The primary one is the issue of Strong Customer Authentication (SCA). SCA will form the basis for access to a customer’s payment account and for paying online. Under this, a user will have to prove his/her identity by providing at least 2 of the following 3 elements:
- Something they know (e.g. A password);
- Something they are (e.g. Biometric scan);
- Something they own (e.g. Mobile phone).
Although countries such as the Netherlands and Sweden already apply SCA for remote payment transactions, others only do so on a voluntary basis. As part of creating a uniform single market for payments, SCA will be required throughout the EEA as part of PSD2, but this will require the implementation of technical facets as well as ensuring that the inputted information does not fall into the wrong hands. Cognosec are highly experienced in applying industry best practices when it comes to matters such as multi-factor authentication and we recognise that this will be essential when financial institutions are considering the requirements for compliance under this element of PSD2.

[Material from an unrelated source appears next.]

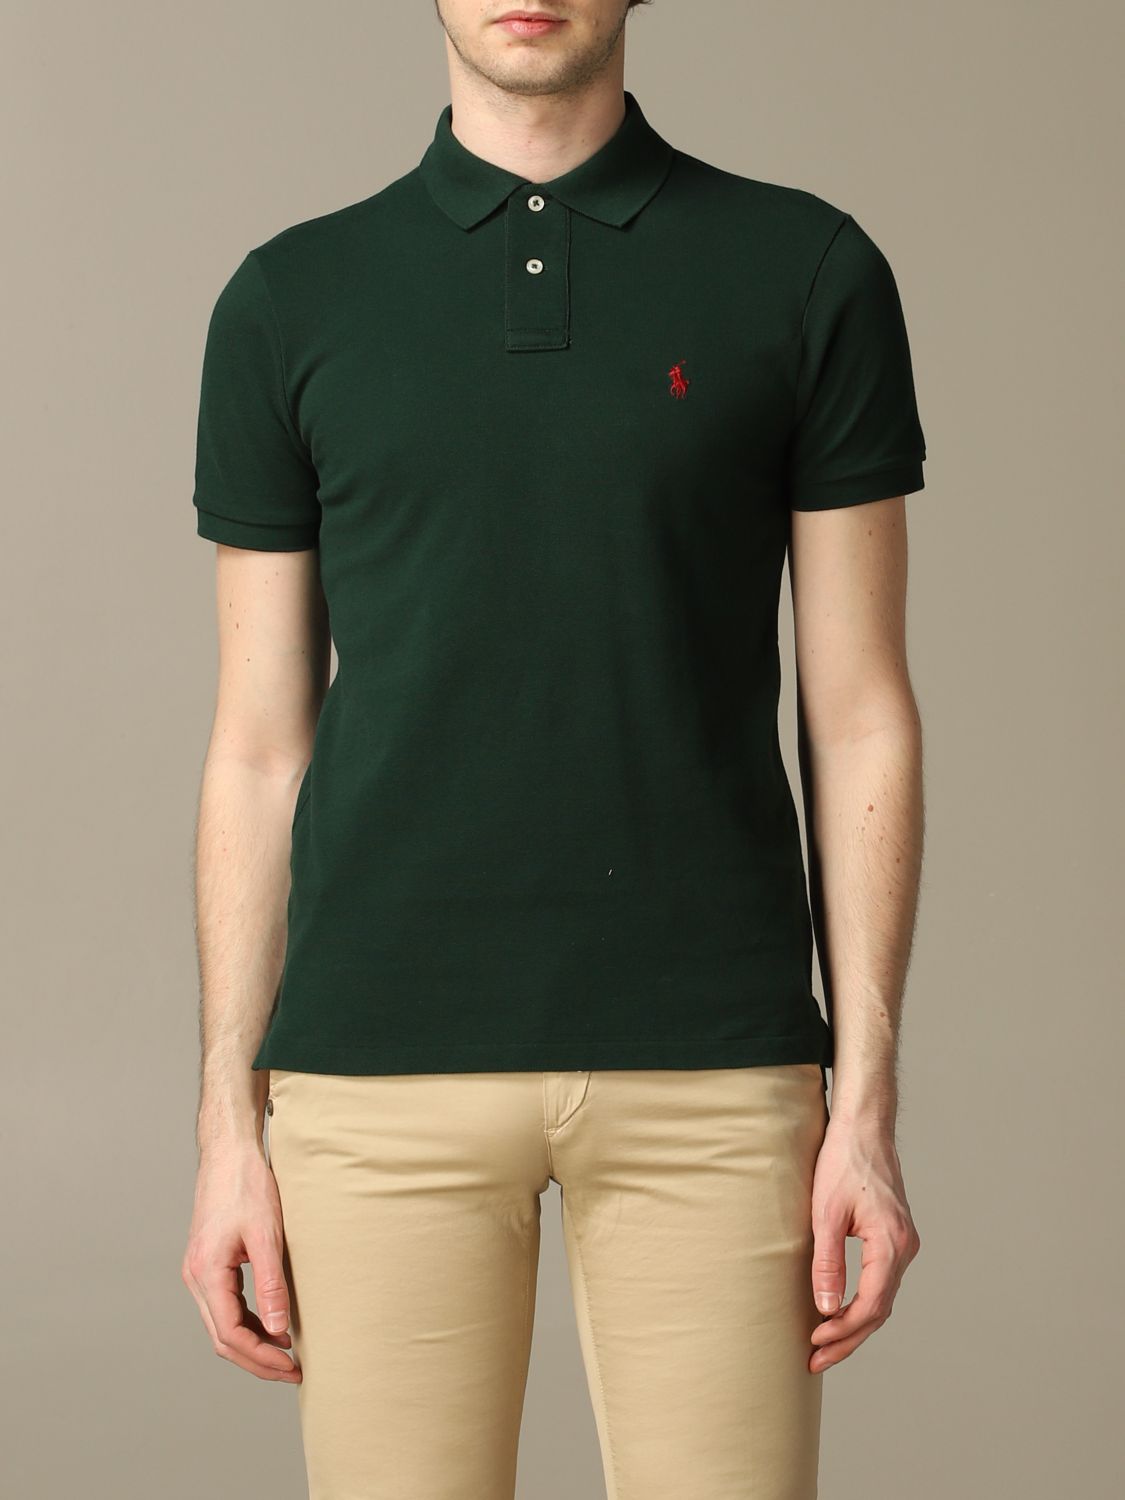 POLO RALPH LAUREN: polo shirt in honeycomb cotton - Forest Green | Polo  Ralph Lauren polo shirt 710795080 online on

It will be up to the banks to not only implement the measures but to audit these measures to ensure robustness: Cognosec are able to provide auditing services in such instances and have a breach response team ready in case of any data breach.
On which parties does the burden for technical compliance lie and what are the security implications of this?

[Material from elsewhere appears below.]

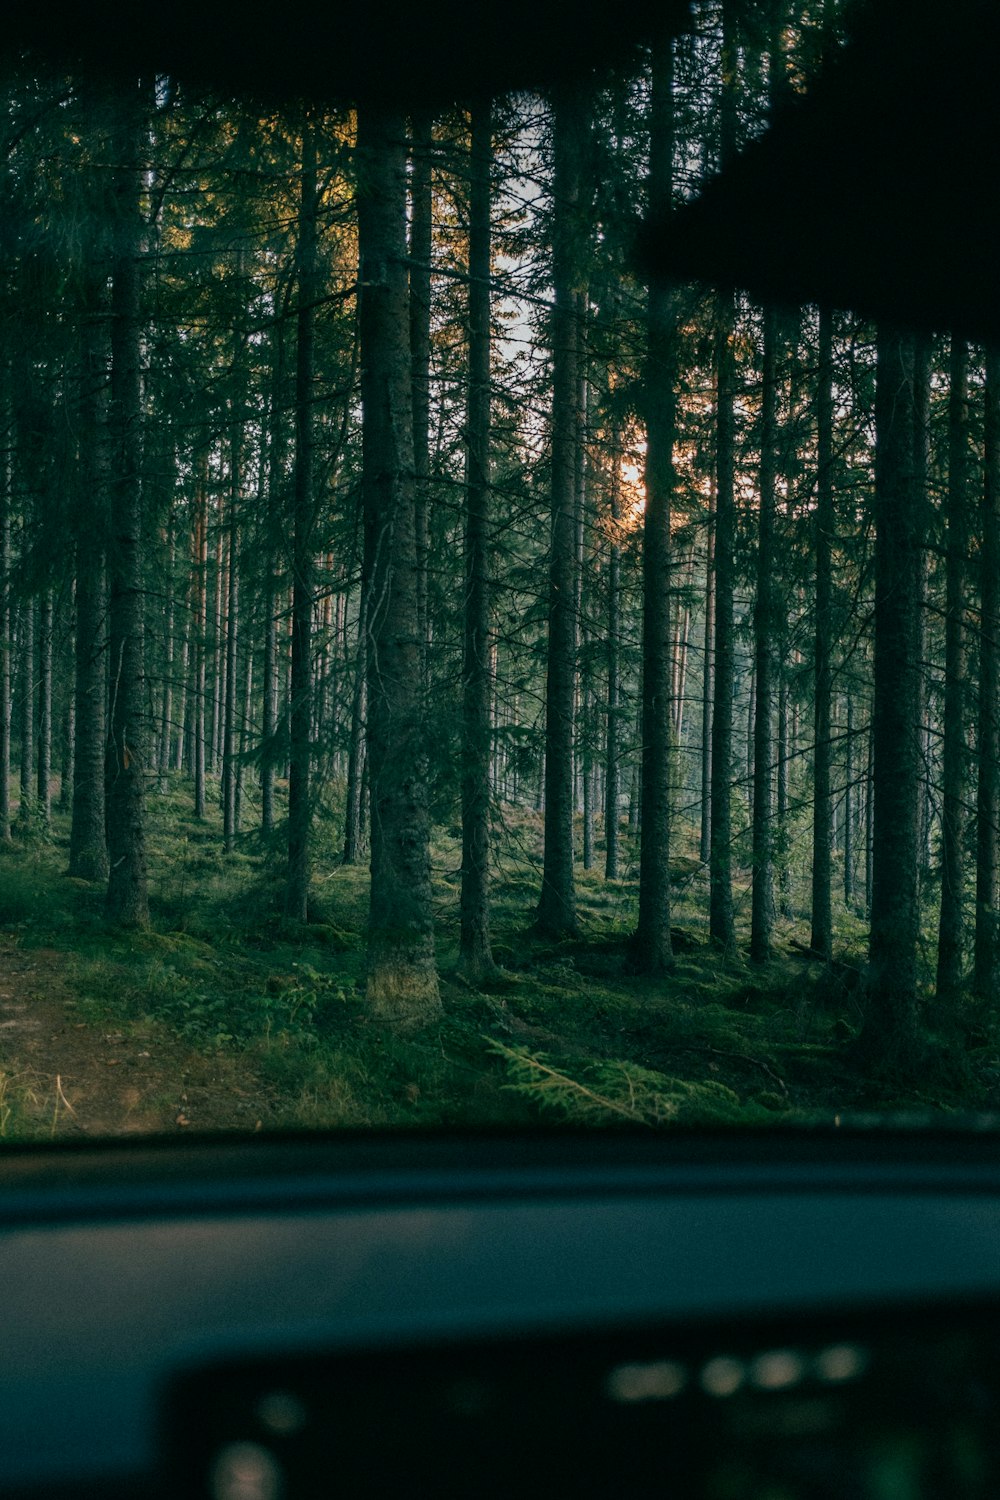 a car driving through a forest filled with tall trees

Technically, the burden lies on all parties (i.e. banks and TPPs).
By far the biggest question-mark raised by PSD2 from a cyber security perspective, is the security issue of banks allowing a third-party access to a user’s account. Banks have unsurprisingly expressed misgivings at the idea of allowing third parties, many of which will be new entities, access to their users’ accounts.
In addition to the costs required to accommodate the legislation from a technical perspective, there are also the potential problems around granting a third party, that is unknown to the bank and has not gone through its AML/KYC procedures, accessing its users’ accounts, and the potential liability if a PISP or an AISP is hacked.
The EC response has been that TPPs will be licensed PSPs and as such will be required to conform to stringent security requirements in order to maintain their status and these should alleviate concerns around security. TPPs will be required to meet capital requirements and carry professional indemnity insurance. In addition, they will be subject to the AML obligations of a regulated entity.
There is also the commercial issue that has made banks uneasy, namely that by allowing PISPs and AISPs access to their users’ accounts, it is providing sensitive information to what are essentially competitors.
There is also the issue of increased compliance costs and the question of who will bear these. As an example, under PSD2, all PSPs must apply SCA each time a user initiates a payment transaction.
Whereas PISPs and AISPs are required to ensure that SCA is applied, they can rely on the authentication procedures provided by the user’s bank. In other words, the banks will be tasked with formulation and implementation, as well as ensuring effectiveness.
How can Cognosec help?
Cognosec has extensive experience of working with both banks and other payments institutions and as such our knowledge and experience in the payments sector is unrivalled. We possess the requisite expertise and track record, having carried out penetration testing for many financial institutions, and it is this assurance aspect of our services that can be utilised by both the newly licensed PISPs and AISPs as well as consultancy services for the larger institutions on whom the majority of the technical obligations under PSD2 fall.
We will be able to minimise the risks of data breach by ensuring that all systems are compliant and effective, and furthermore, we will be able to provide consultancy and assurance services to financial institutions who require assistance in complying with multiple legislative changes coming in 2018 and beyond, due to our dedicated end-to-end GDPR compliance service, and our extensive knowledge of PCI and related security-based legislation.